Dr. Se Jun Park: Curative resection is recommended for patients with VIPoma without evidence of non-resectable or metastatic disease. However, secretory diarrhea is commonly extensive, with loss of bicarbonate and potassium leading to severe metabolic acidosis and hypokalemia. Therefore, patients with VIPoma need to be resuscitated with preoperative somatostatin analog treatment and intravenous fluid and electrolyte therapy before being subjected to surgery.9

Dr. Ji Eun Shin: What are the treatment options for patients with locally advanced or metastatic pancreatic NET?
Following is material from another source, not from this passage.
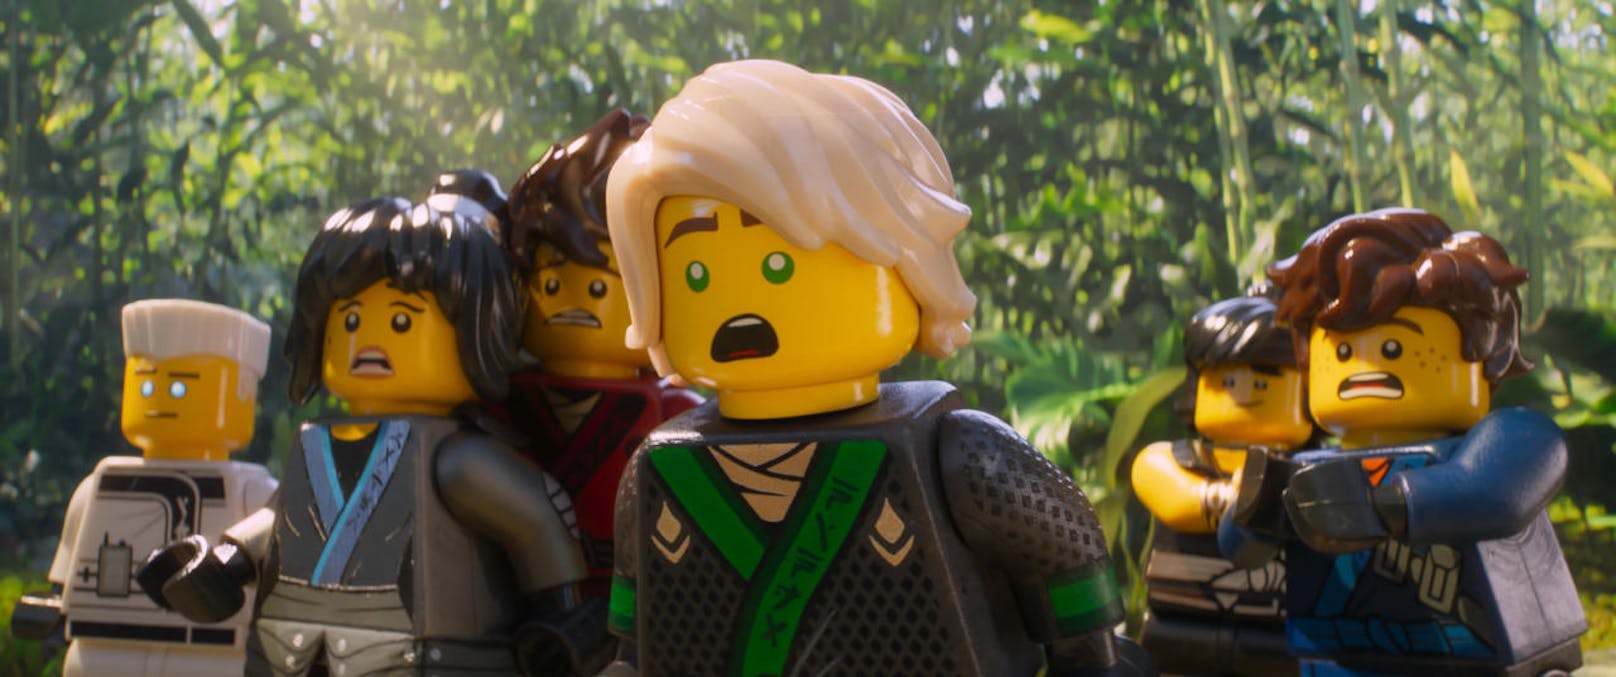 "The LEGO Ninjago Movie"

Dr. MyungAh Lee: For patients with locally advanced or metastatic functioning pancreatic NETs, somatostatin analogues (octreotide, lanreotide) remain the first-line treatment. For patients with advanced N-F pancreatic NET, not only somatostatin analogues, but targeted treatment and cytotoxic chemotherapy could be considered. According to recent studies, peptide receptor radionuclide therapy (PRRT) using 177 Lu-DOTATATE showed favorable outcome for patients with NETs including pancreatic NETs with distant metastases. PRRT can be considered in both functioning pancreatic NETs and N-F pancreatic NETs with high expression of somatostatin receptors. The European Neuroendocrine Tumor Society (ENETS) Consensus Guidelines Update for Management of Patients with Functional Neuroendocrine Tumors and Non-Functional Pancreatic Neuroendocrine Tumors, updated in 2016, provides a basic idea for developing a diagnostic method and therapeutic strategy.6

In this case, the patient with chronic watery diarrhea was pathologically diagnosed with pancreatic NET grade 1, and serum VIP level elevation was confirmed. Finally, this patient was diagnosed with pancreatic VIPoma classified as pancreatic functioning NET.